__PROBLEM DESCRIPTION__.
Range to repeat from the listing below: the line containing "Admiral flote Sovjetskog" down to the line containing "best website d63f2", both included. Copy it exactly, pictures excluded, and add nothing else.

__DATA RECORDS__.
^^^^^^^^
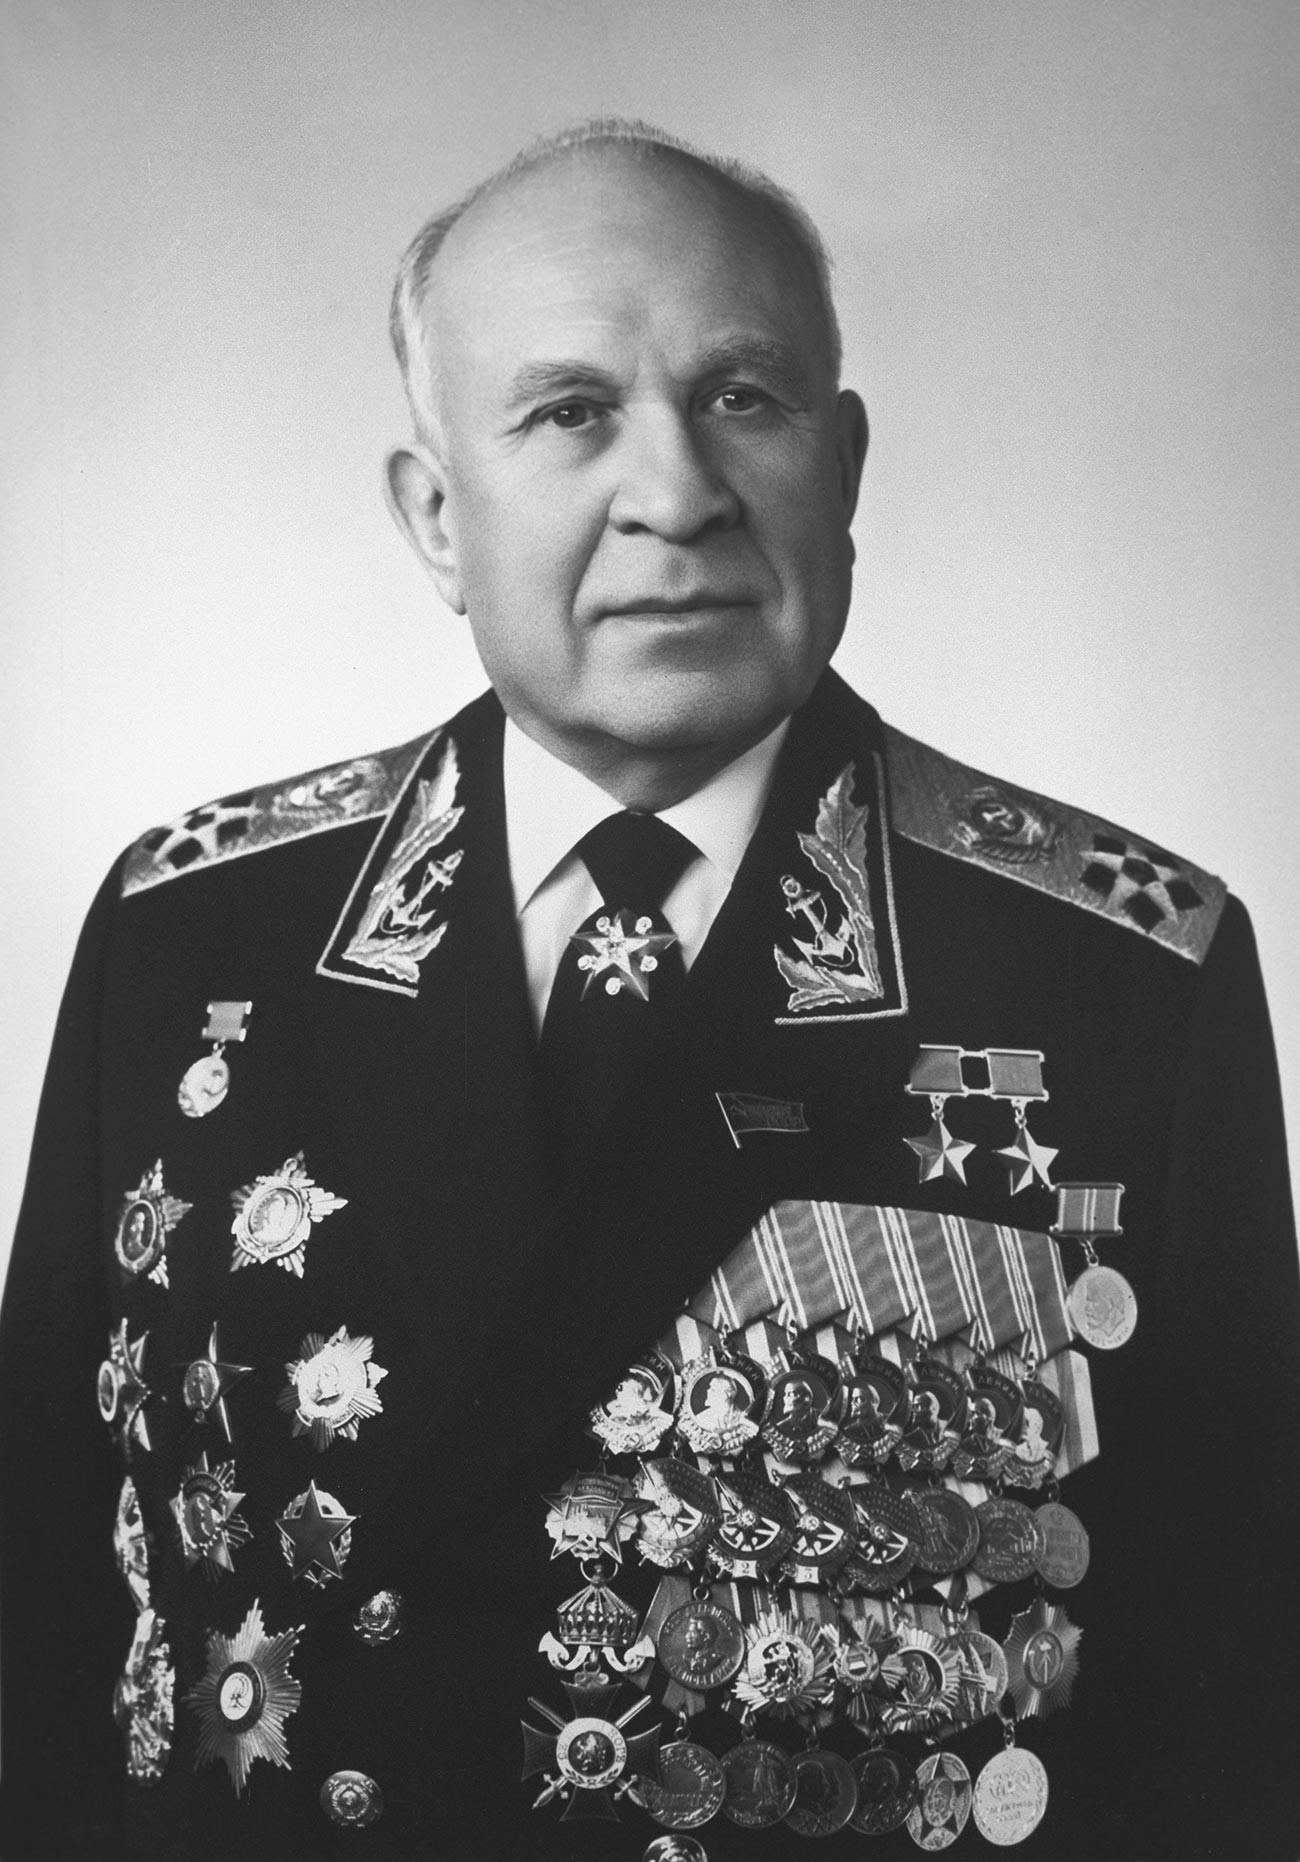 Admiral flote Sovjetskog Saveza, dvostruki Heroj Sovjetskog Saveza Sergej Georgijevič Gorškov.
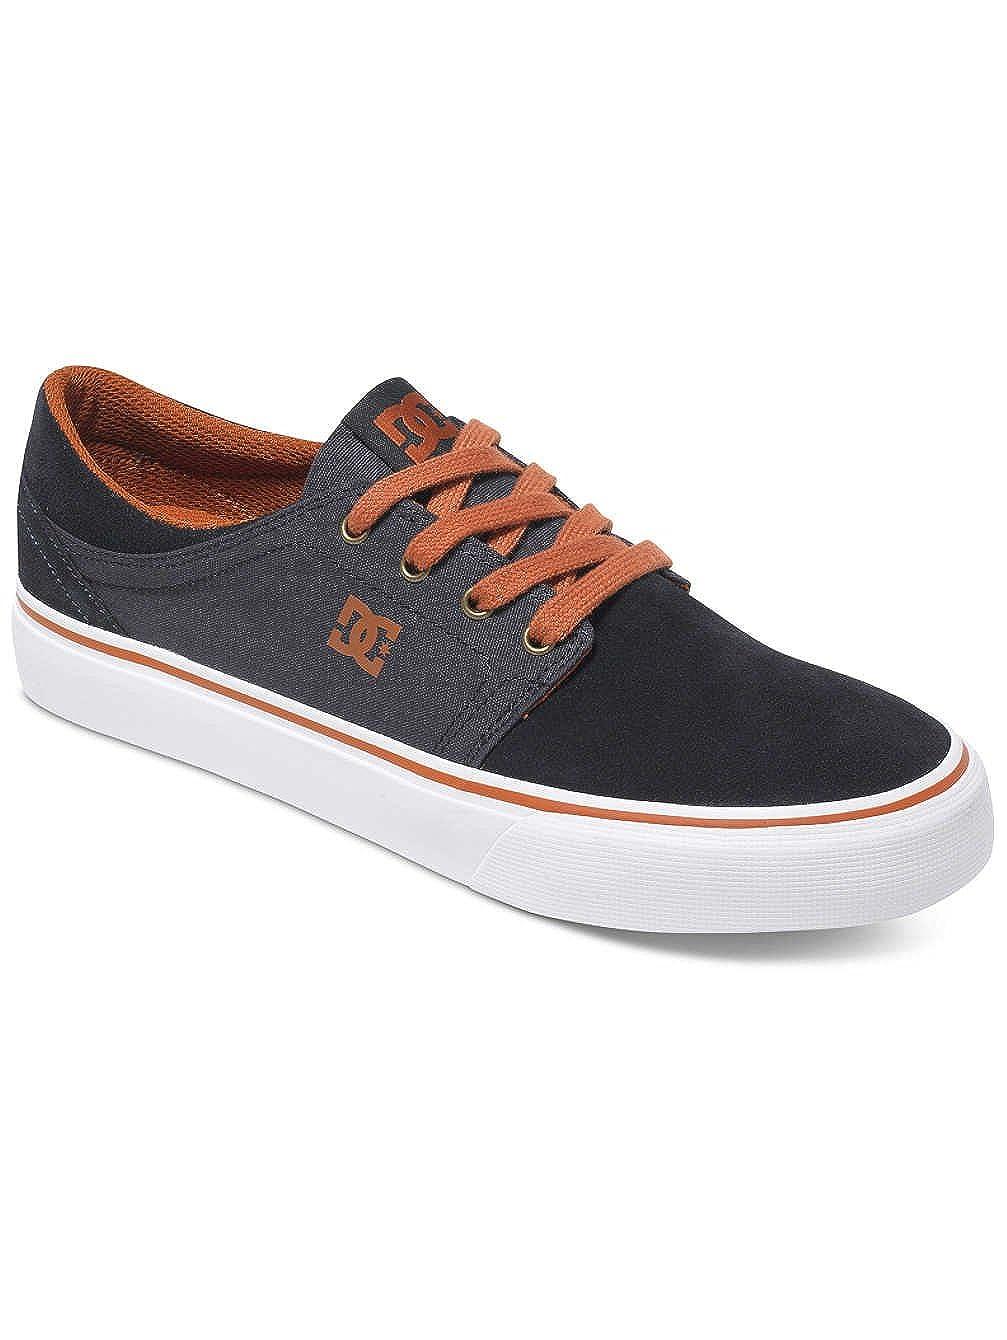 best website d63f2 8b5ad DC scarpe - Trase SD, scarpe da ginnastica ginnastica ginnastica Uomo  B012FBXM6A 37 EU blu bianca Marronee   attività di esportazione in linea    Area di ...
^^^^^^^^
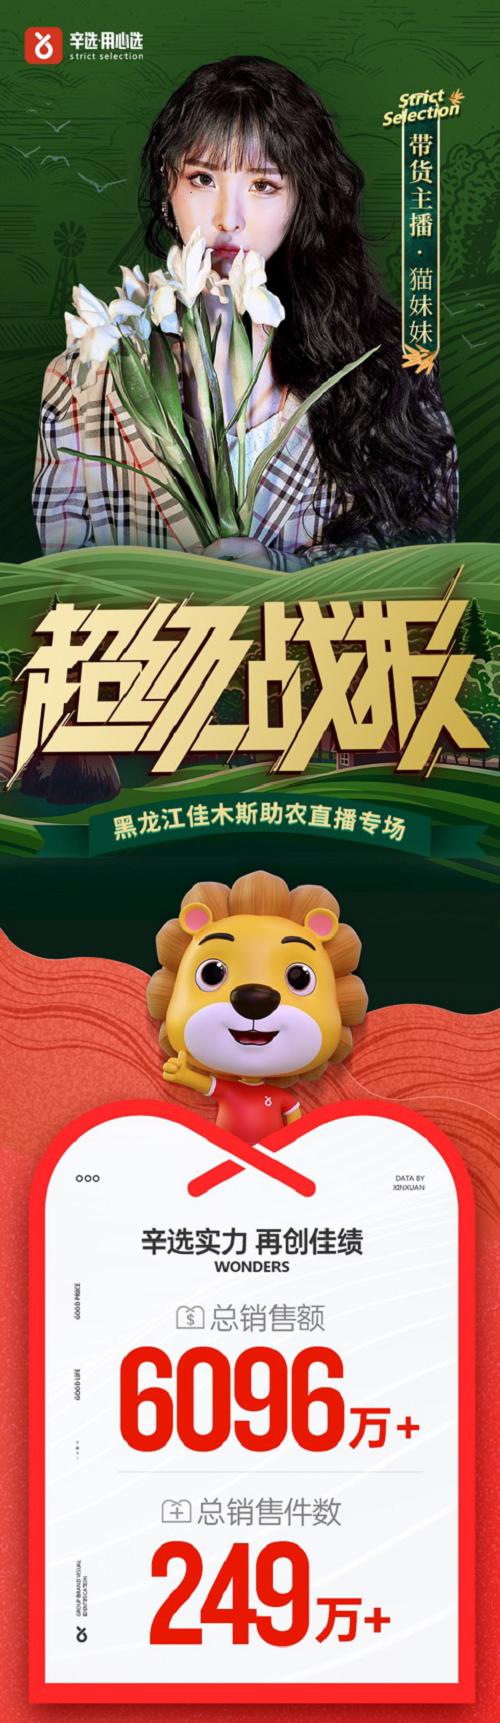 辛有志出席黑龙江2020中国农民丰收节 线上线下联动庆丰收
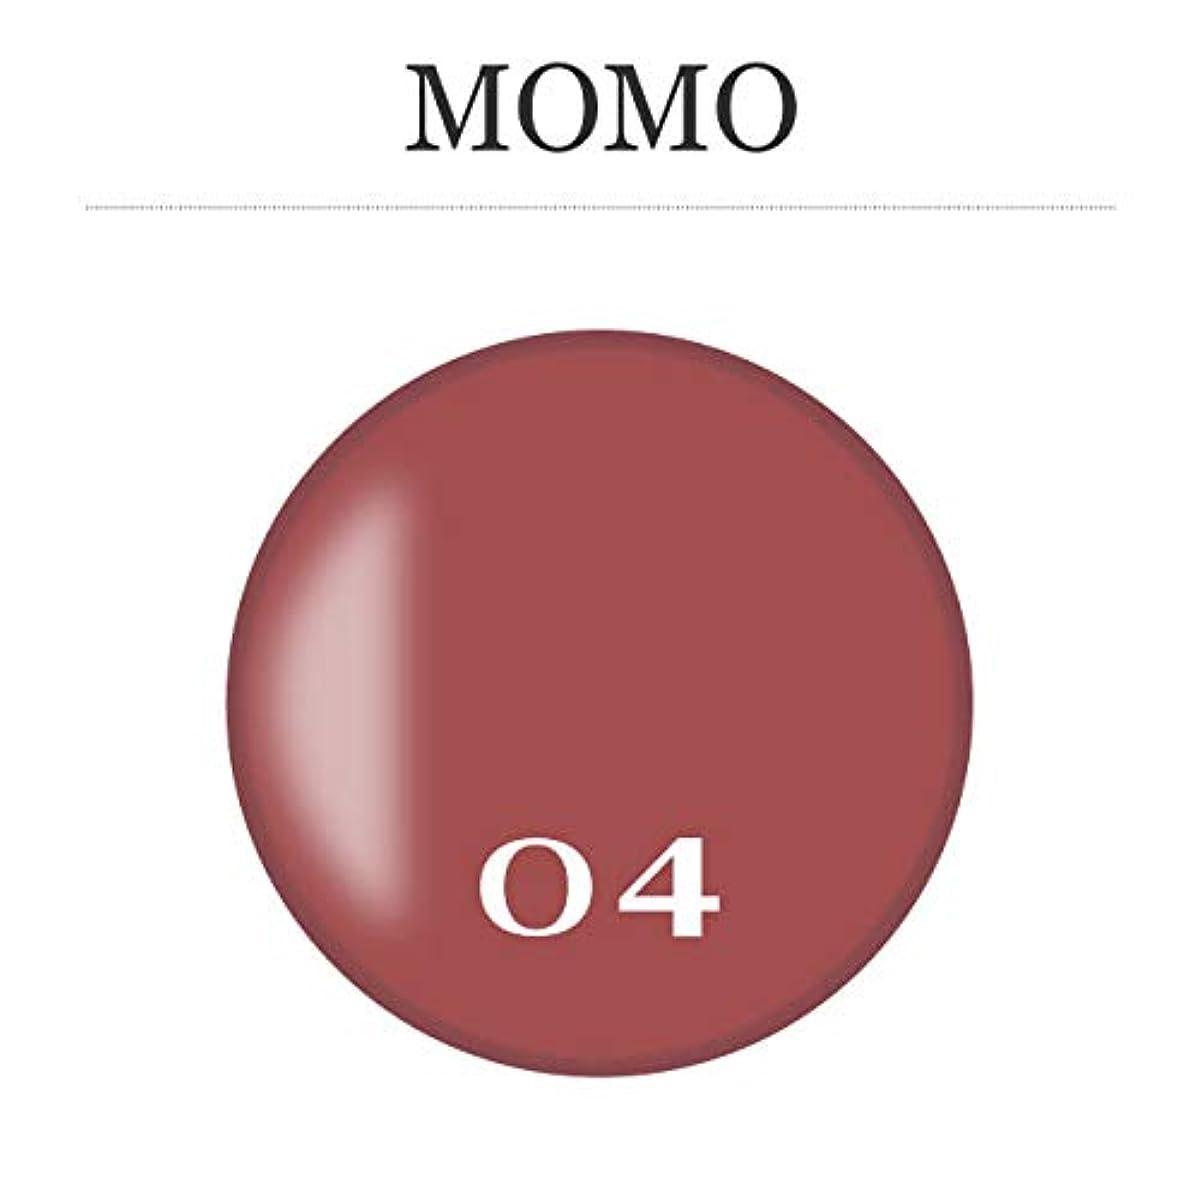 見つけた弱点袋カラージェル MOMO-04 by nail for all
^^^^^^^^
__YOUR SOLUTION__.
 Admiral flote Sovjetskog Saveza, dvostruki Heroj Sovjetskog Saveza Sergej Georgijevič Gorškov.
 best website d63f2 8b5ad DC scarpe - Trase SD, scarpe da ginnastica ginnastica ginnastica Uomo  B012FBXM6A 37 EU blu bianca Marronee   attività di esportazione in linea    Area di ...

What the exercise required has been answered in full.